Flor told Chet the news immediately, thinking this bit of wonder might provide him some sort of extra will to survive this horrible elk-biting disease.
“I’m with child,” she explained. “Which is a beautiful thing, right? A baby!”
Chet was in a coma by then. He hadn’t spoken in a week, but after Flor told him about the baby we heard him mumble, okay, okay, okay. We milled around his bed for a while after that, excited, hoping for more, hoping for a small signal he was still fighting. Unfortunately, those were the last words Chet ever spoke. A few minutes later his body seized up, every muscle in his arms and legs tightening and braiding, his torso bucking up and down on his bed. The doctors rushed in with a crash cart, but it was useless. Flor buried her head in my shoulder and sobbed.
“It was like he was waiting to hear about the baby before he said good-bye,” I told her.
II
Five years might be a long time for some people to grieve, but it isn’t for me. I still tear up every time I think of Chet. It’s just how I’m wired. I end up thinking about Chet a lot because I can see his gravestone from the cafeteria of the power plant where I work. Sometimes I’ll be eating a grilled cheese sandwich and I’ll accidentally glance down at the graveyard and think about how Chet liked grilled cheese sandwiches and my eyes flood with tears. I can’t help it.

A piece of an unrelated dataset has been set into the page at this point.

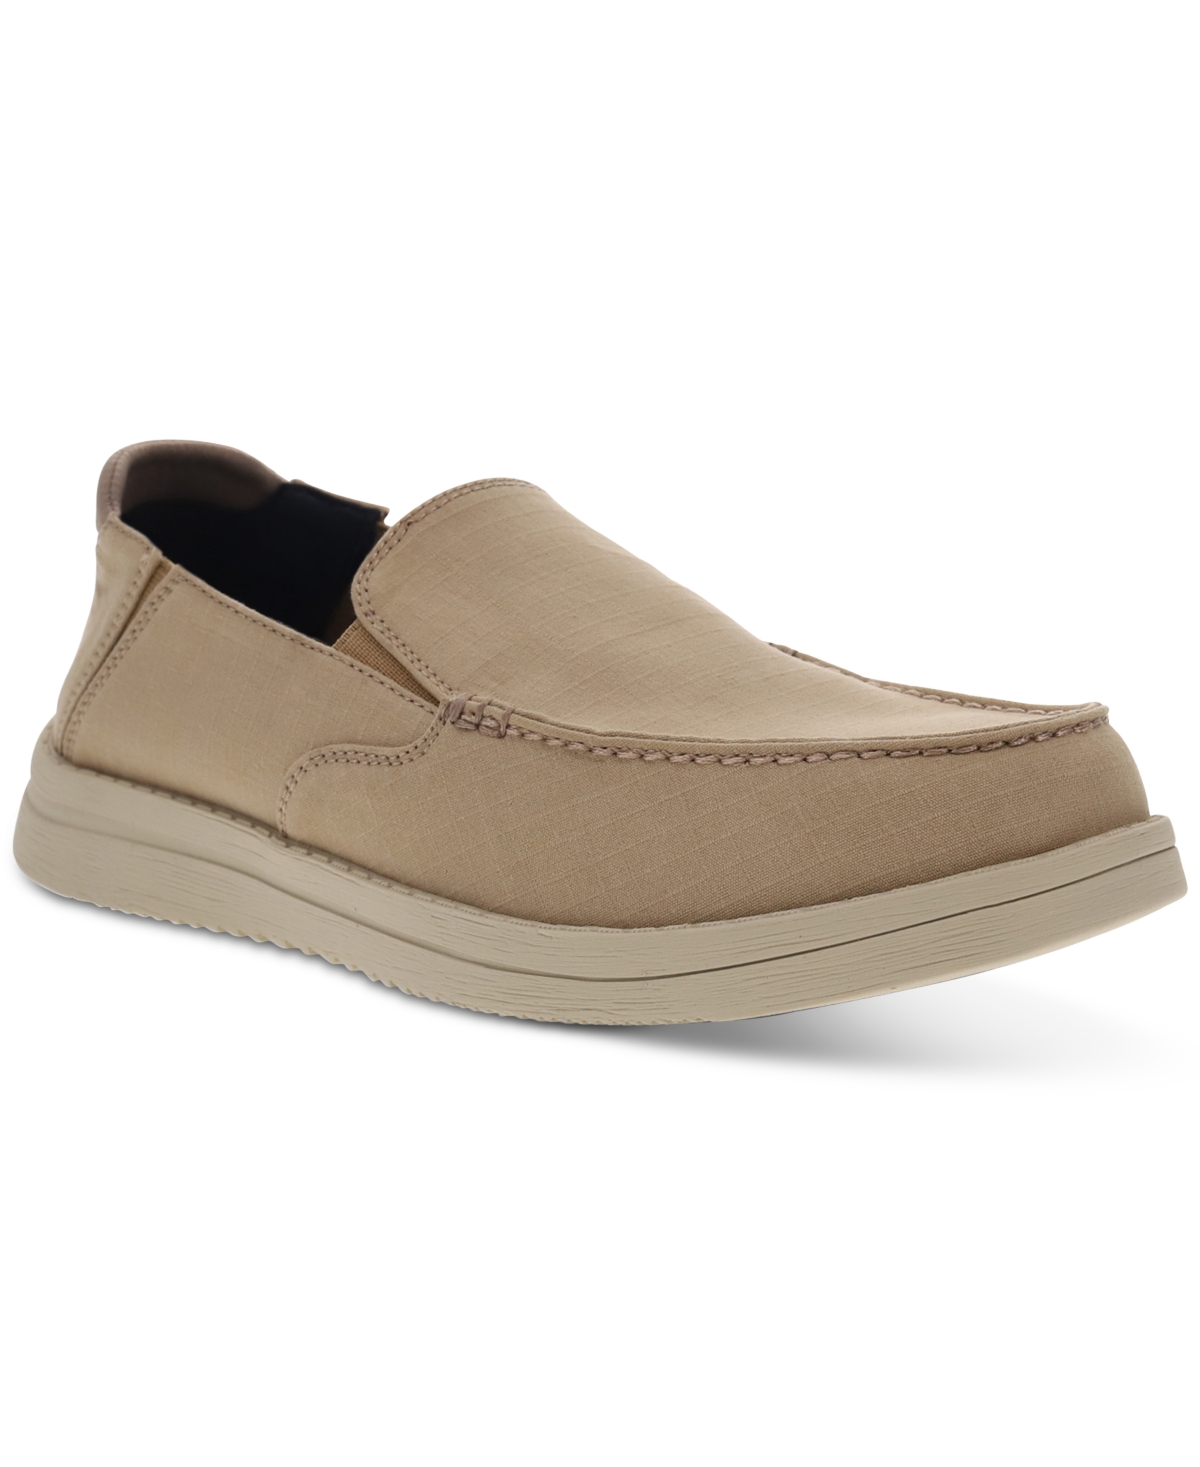 Men's Wiley Casual Twill Ripstop Loafers - Khaki

A bunch of my other relatives are buried in that cemetery too. It’s about two hundred yards from the power plant, overlooking the river. It’s extra ominous because steam from the turbines billows over it and because there are always craggy old fishermen on the shore below, casting their lines into the murky bilge. It’s great fishing if you like bottom feeders — suckers, carp, the occasional gooch that’s taken a wrong turn from the gulf — all of them love the soupy water, all of them love being nearly boiled alive.
Today at lunch, I eat a chicken salad sandwich Flor has packed for me. My Uncle Jimmy, who also happens to be my boss, is staring out at the river with his binoculars. Jimmy is my mom’s brother. Truth be told, this is kind of a family-run power plant. My Aunt Joan works in human resources, my dad was the plant maintenance coordinator until he retired last year. After Chet died, we got Flor a job in the childcare center, where she works with Uncle Jimmy’s twin daughters, Elaine and Erica. Some people might call this nepotism, but we call it taking care of our own. And that’s what we do, even when our own are total dumbasses like Allen, my first cousin, who works in the turbine control room and who, about two to three times per year, knocks out the entire power grid east of the Mississippi.

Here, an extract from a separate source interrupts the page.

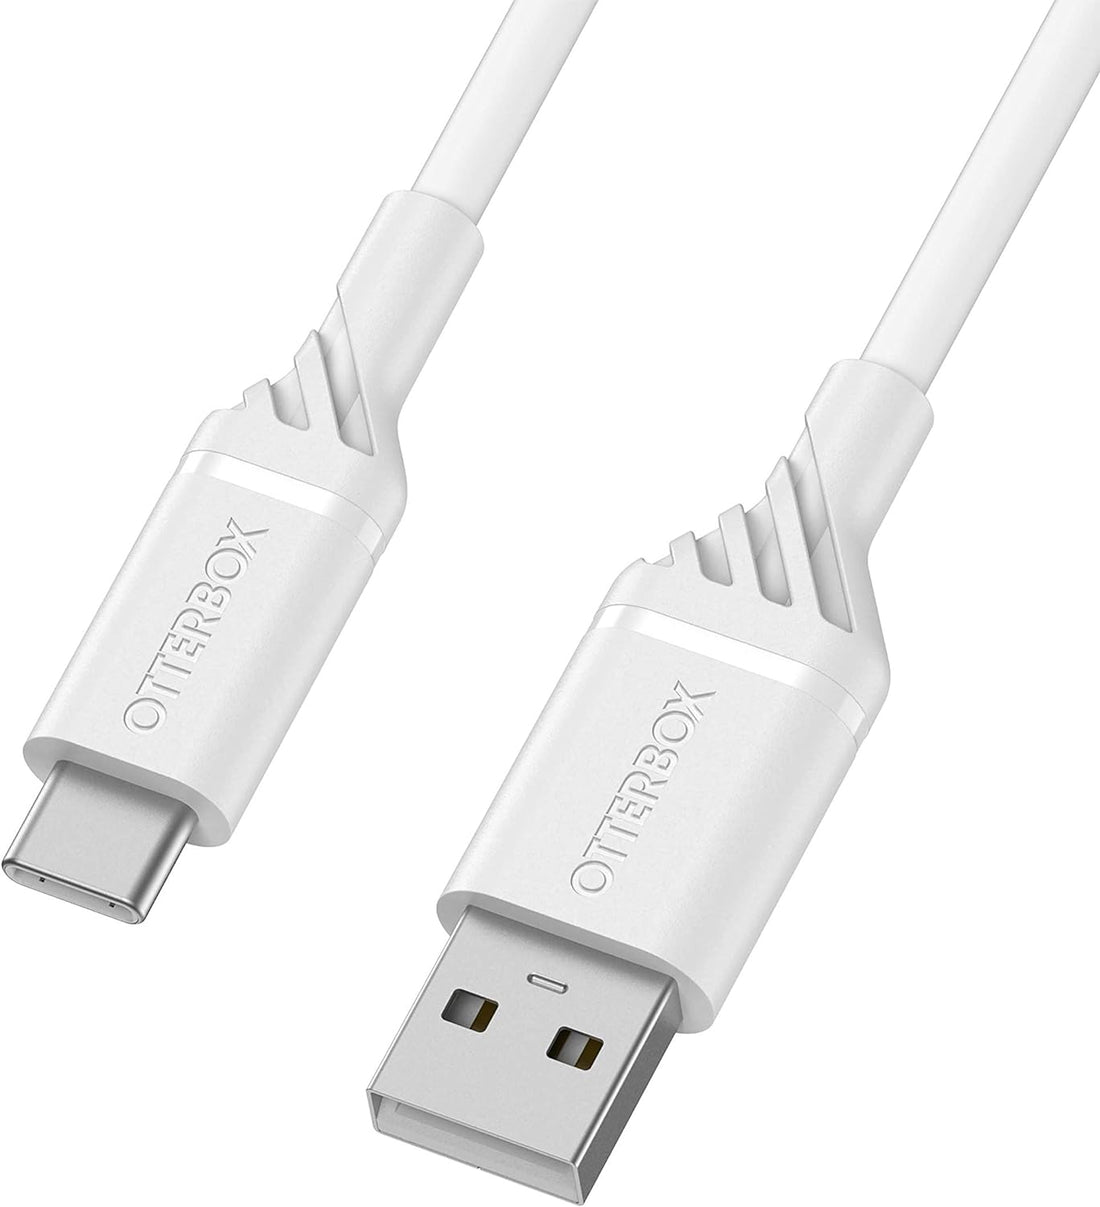 OtterBox USB-A to USB-C Cable - 2M/6.6FT - Cloud Dream White (New)

“Uh-oh,” Uncle Jimmy says, passing me the binoculars.
I look down at the cemetery to see what he’s uh-oh-ing. The old priest from town, Father Hollenbeck, is down there trying to dig up Chet’s grave again.
“You’ve got to be fucking kidding me,” I say.
It’s the middle of August, 102 degrees. I was hoping to stay inside the air conditioning today. I was planning to take a restorative nap after playing some computer solitaire, but instead I holster my taser and tromp past the cooling towers and then over the catwalk that runs the length of the outtakes. I pass by Vince, Uncle Tommy’s bastard son, in the guard shack.